Moreover, it is okay for uranium to be sold to China but not to India. Granted, India betrayed its earlier agreement with Canada in conducting the nuclear test of 1974. (True to its perverse tradition, India paid an international political and technology-denial price by testing but sacrificed the chance for security gains by insisting on the test having been peaceful and not weaponising. But that’s another story.) No amount of sophistry by New
Delhi can wash away the stain of having misappropriated Canadian technology.

This I get. But it is history. Ottawa should get over it and get on with building a broad-based relationship with today’s India. Canada needs India more than the other way round.

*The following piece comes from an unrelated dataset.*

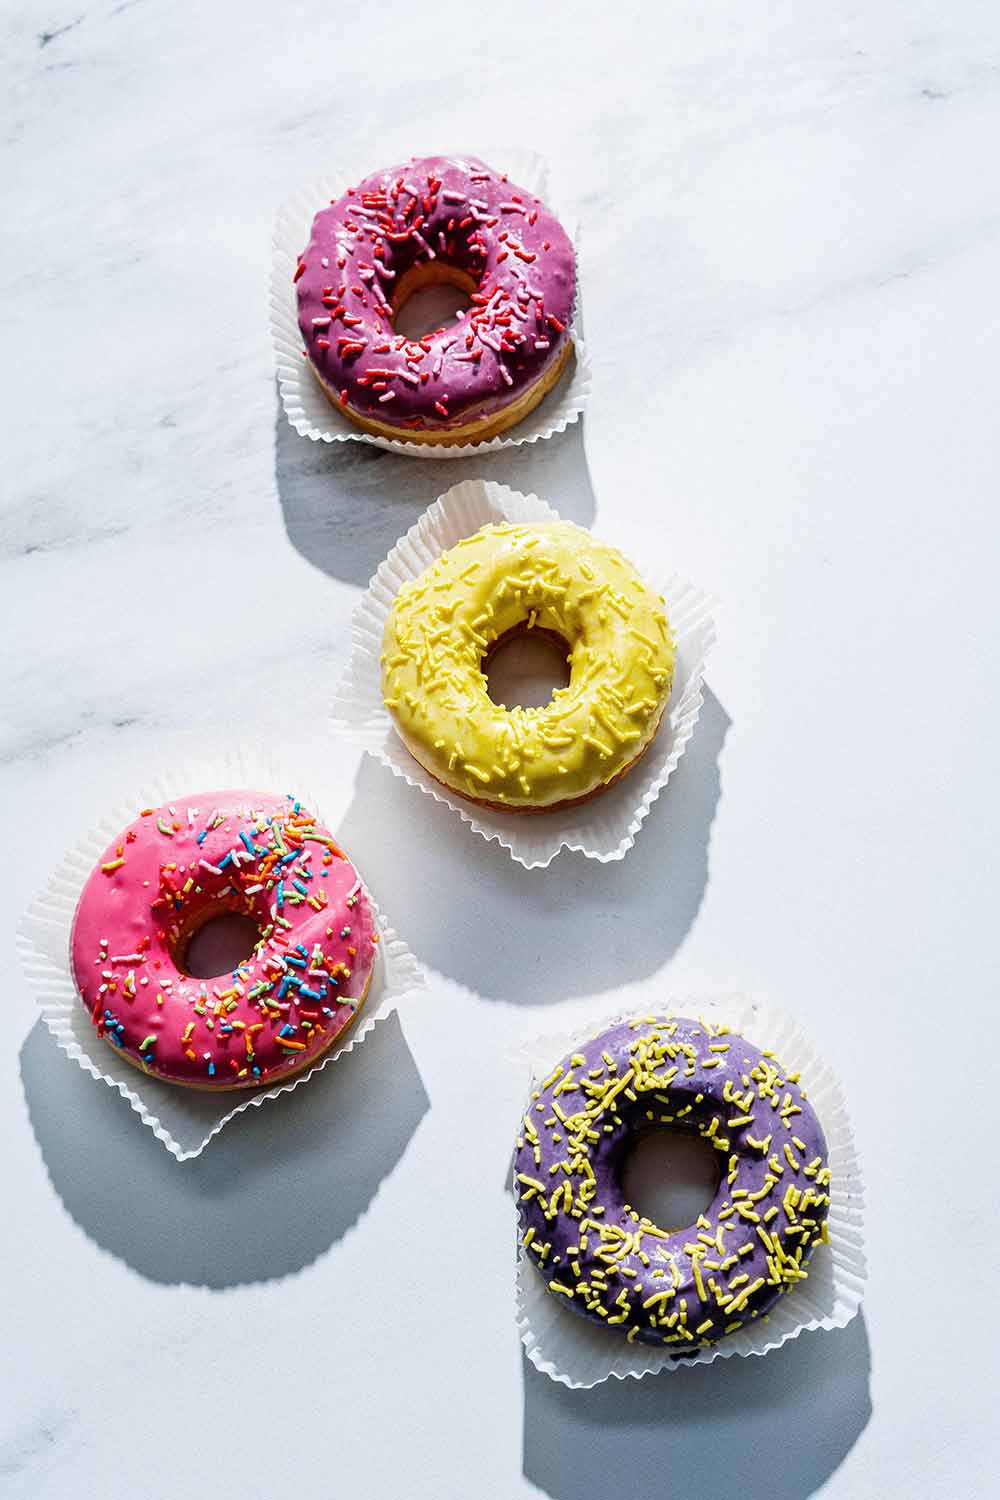 4 donuts, one has yellow frosting, purple frosting, pink frosting and dark pink frosting on a white background.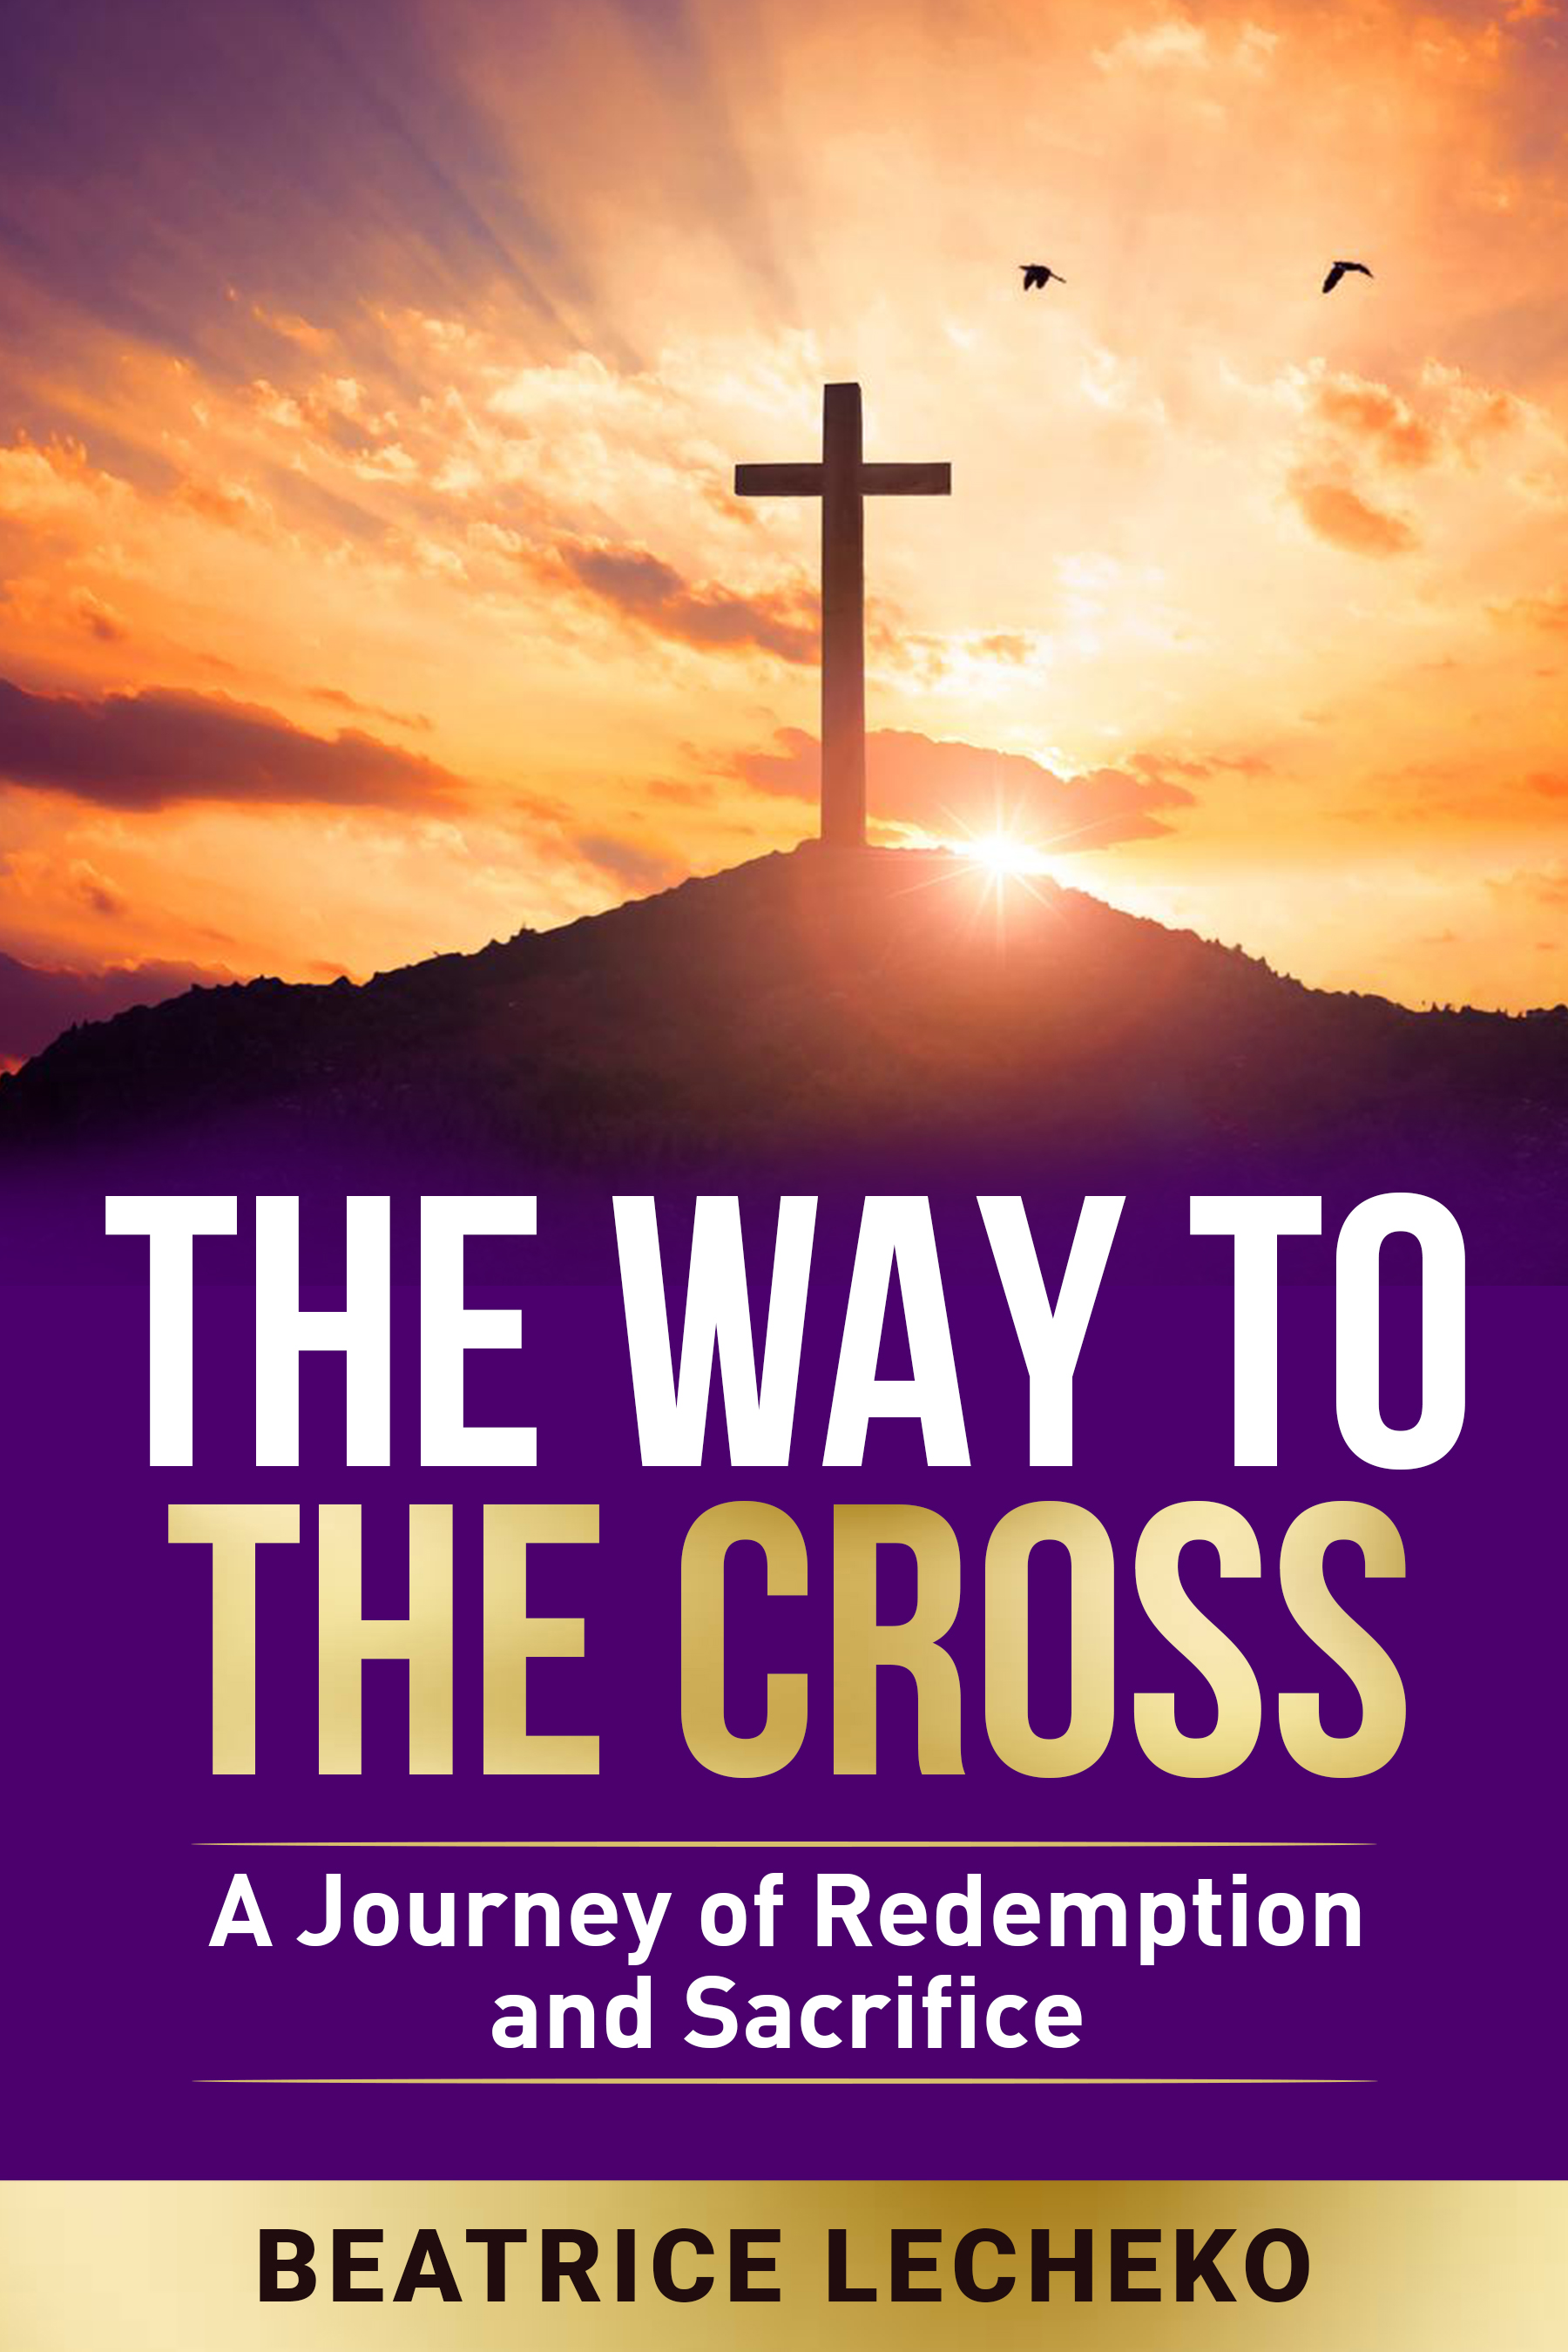 The way to the cross

Leaving that aside, India has an impeccable record of not proliferating nuclear-sensitive material or skills to anyone else. China on the other hand is the willing source of Pakistan’s nuclearisation. Thomas Reed, a former nuclear weapons designer at Lawrence Livermore National Laboratory, secretary of the air force under presidents Gerald Ford and Jimmy Carter, and special assistant to president Ronald Reagan for national security policy, has claimed that Pakistan’s first nuclear weapon test was carried out for it by China on May 26, 1990. “We believe that during [Benazir] Bhutto’s term in office, the People’s Republic of China tested Pakistan’s first bomb for her in 1990. That’s why the Pakistanis were so quick to respond to the Indian nuclear tests in 1998. It only took them two weeks and three days.”

This was reported in the US News & World Report on January 2 this year. On November 13, a report in the Washington Post was appropriately headlined “A nuclear power’s act of proliferation.” It revealed that the “deliberate act of proliferation” by China began in earnest in 1982 with the transfer of weapons-grade uranium and a blueprint for making a bomb that China had already tested. Thus began the chain of proliferation that extended later to Iran and Libya.

And China is to be sold uranium and co-opted into the group that will lecture India on nonproliferation responsibility and act as an enforcer of the international nuclear order? And US president Barack Obama has the temerity — or is it ignorance — to seek China’s help in resolving India-Pakistan relations when Beijing has stoked the fires of subcontinental rivalry with nuclear-tipped tongs?

Am I missing something?

The arms control NGO lobby has campaigned loudly and actively against the civil nuclear cooperation deal with India unless and until India signs the NPT as a non-nuclear power.  This is also what Security Council resolution 1887 (24 September) demanded. Excuse me? The country that exercised restraint for the longest period should be ostracised and punished by those that committed the nuclear sin much earlier?

If the bomb is intrinsically bad, it should be banned for all. No qualifications, no caveats, no delays, no ifs and buts. If it can be justified on national security grounds for some and not others, India, China, Russia, Israel, Pakistan, Iran and the US will make the cut, but not Britain and France.

The NGO activists are so convinced of their moral rectitude that they fail to spot their intellectual laziness in painting India as the nuclear villain. Logical clarity and moral courage might point them towards supporting India’s call for serious nuclear abolition talks to begin now, for all. And governments should recalibrate relations with India based on enduring interests, not self-serving and selective morality. Australia should follow Canada in lifting restrictions on uranium sales to India.